Here lately I've been asked alot about using Orion to collect data for PCI compliance. For the most part, this is pretty easy as Orion does a great job of managing routers, switches, firewalls, and servers. As a matter of fact, I've helped hundreds of customers setup special reports in Orion to highlight these features.
Things get a little more complicated when it comes to collecting logs from Windows servers and PCs. One way to tackle this is to use the Windows Event Log forwarder that we provide as a free download. This utility installs on the Windows systems and converts the event log messages into syslog messages and forwards them to Orion's Syslog Server.
Another creative way of solving this problem is to use the SNMP trap service on the windows machines forward the event log messages as traps. Orion can then receive, store, and alert on these traps.
Orion includes a highly scalable rules engine for the SNMP Trap Receiver and the Syslog Server that can be used to setup alerts and actions based upon message format, content, source, and etc. The users that take advantage of these features love them - but not too many people know about them.

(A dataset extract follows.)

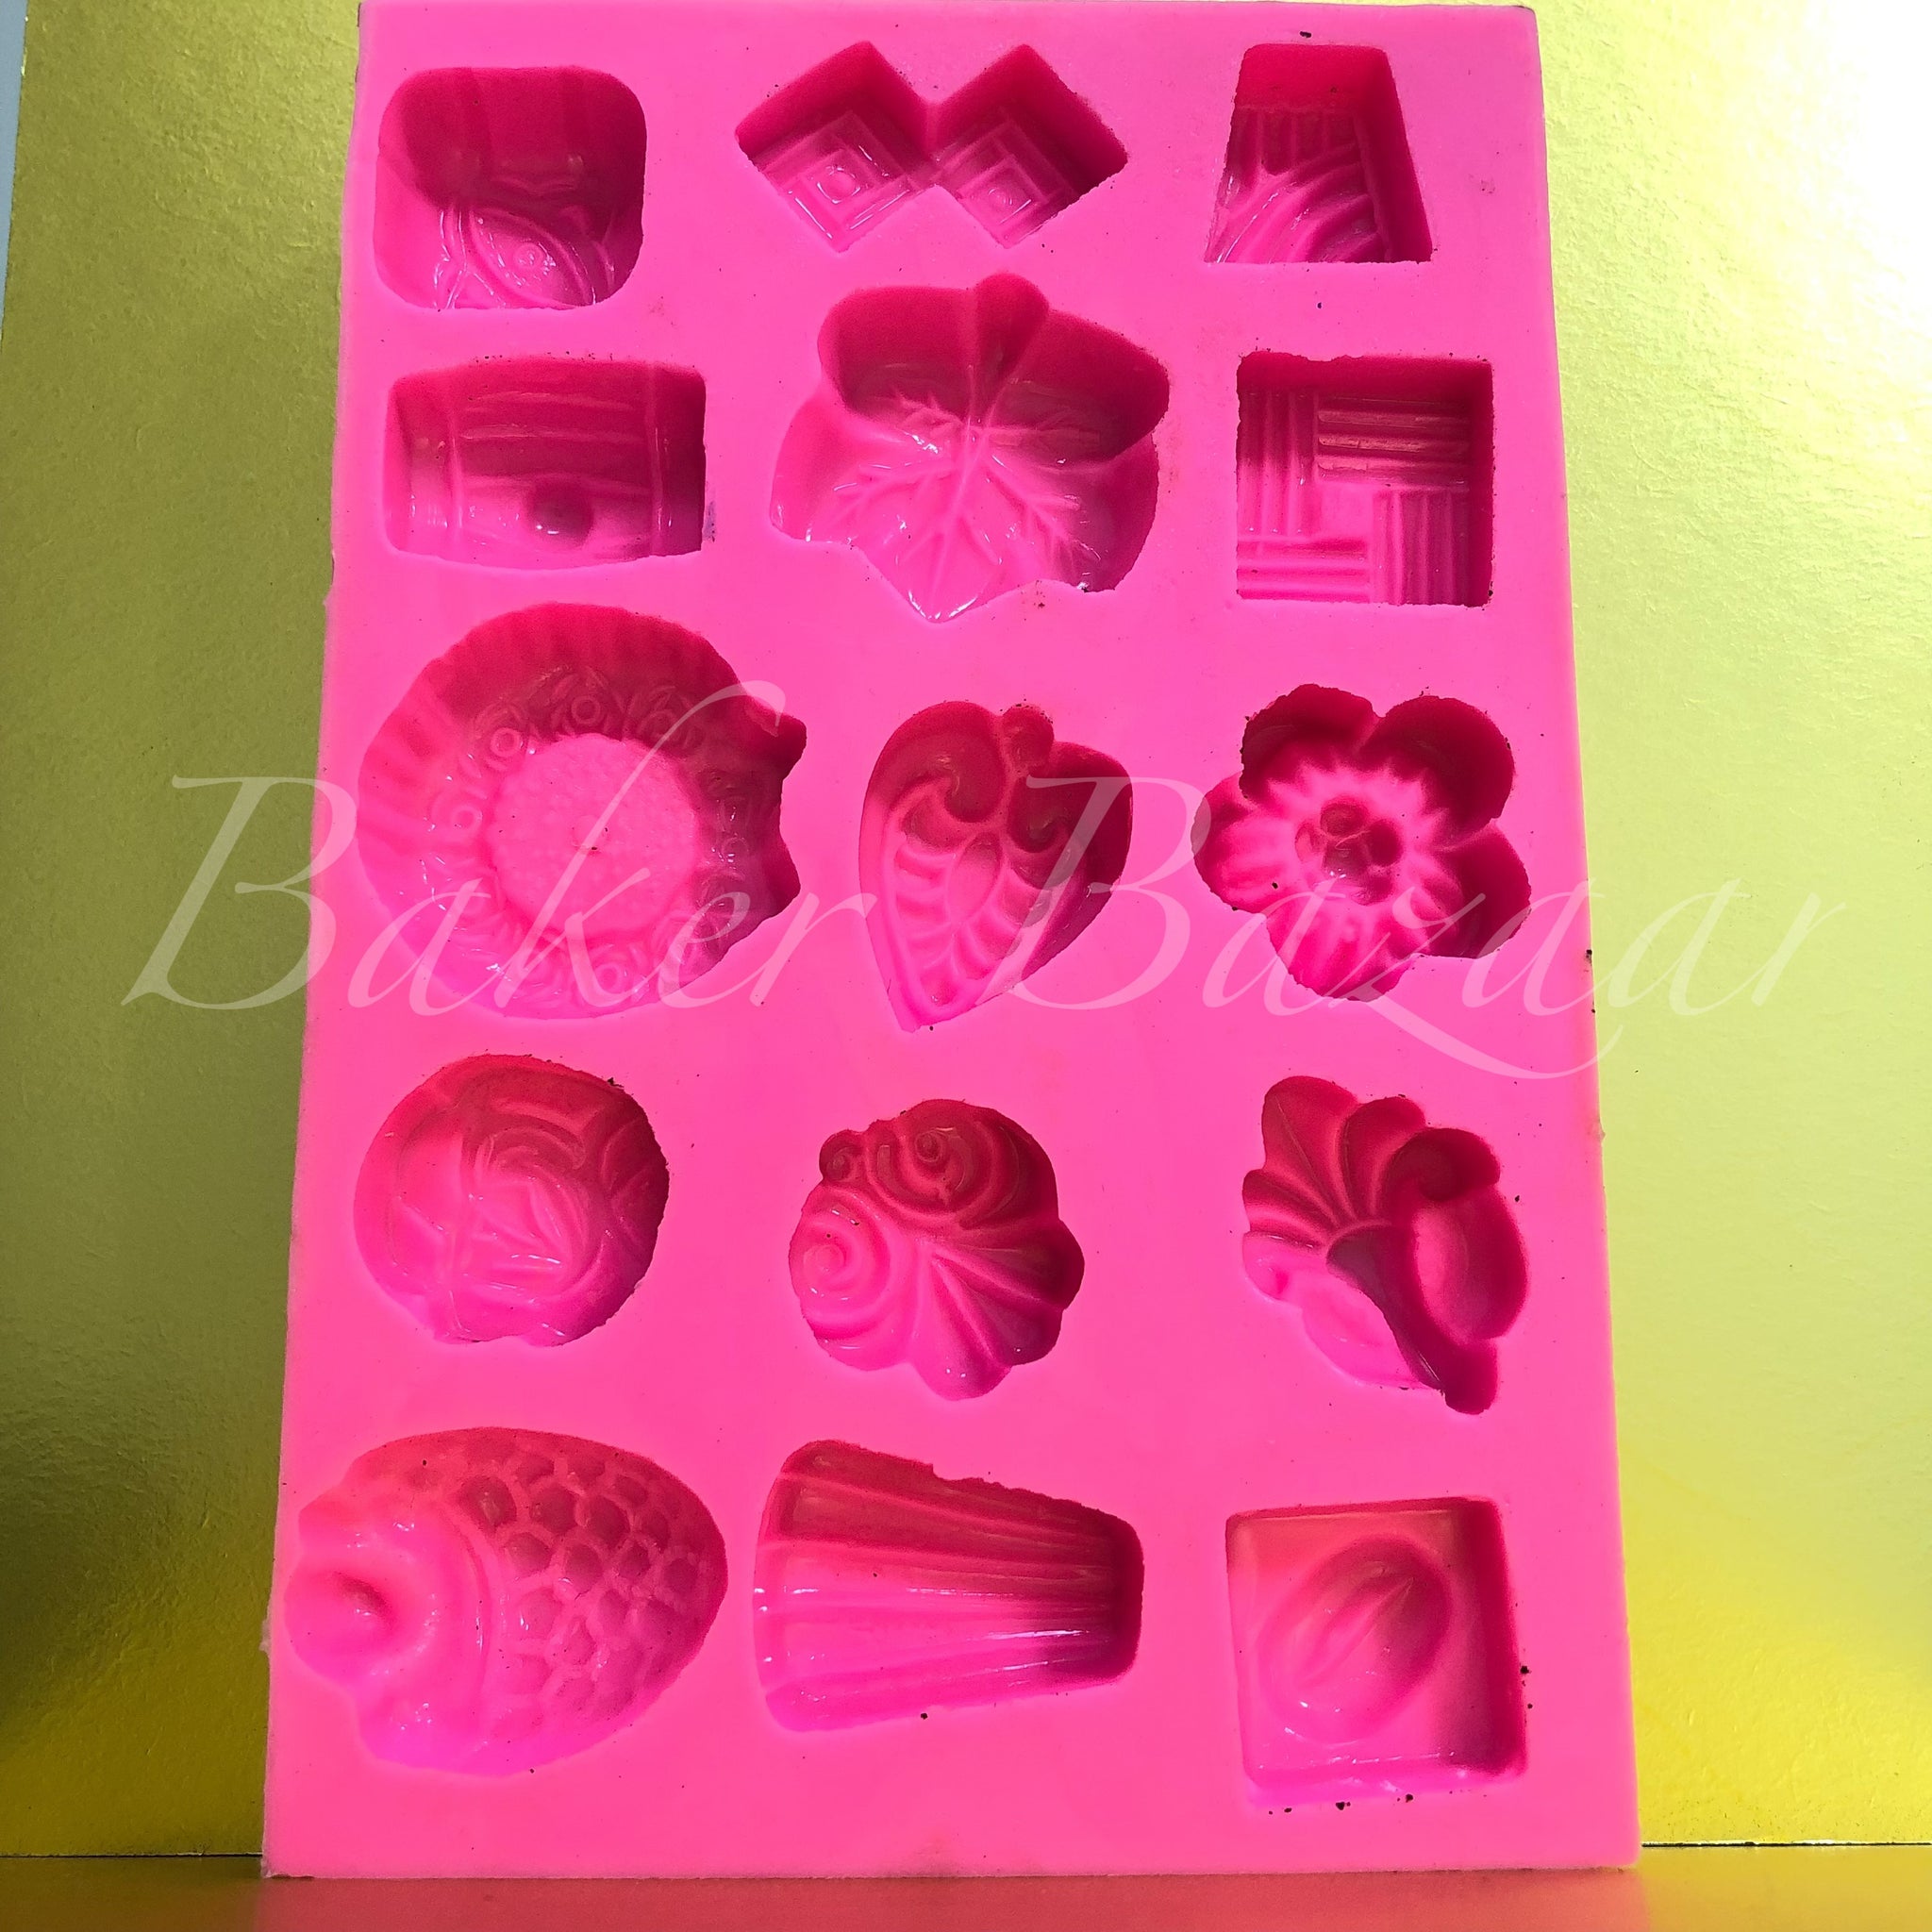 Marzipan Mould No.5 - Silicone Fondant Clay Marzipan Mould - Christmas Special

Obviously, there are many other ways to collect this data including collecting it directly via WMI and using other third party agents to provide the logs. I'd love to hear how you're collecting logs from your Windows systems and any hiccups that you've encountered.
Well, I'm out in New Jersey this week talking with the DoD about network management systems, interoperability, and best practices for building NOCs. I'd planned to take my iPhone out and get some cool pics of me standing in front of a tank or something but it's been dark when we finish every day.
It's interesting to hear everyone's opinion about how network management systems should operate and interoperate. Definitely some very smart people here and I'm looking forward to chatting with them more tomorrow.
In the meantime, I've been thinking a bit about how these practices can apply to those of you in the commercial sector. If you've got a cool NOC drop me a note and I'd like to chat and possibly come see you.
Two of the things that I get asked about a lot are a) how often you should poll your devices and b) how SNMP counters work. Let's address the question about polling frequency first.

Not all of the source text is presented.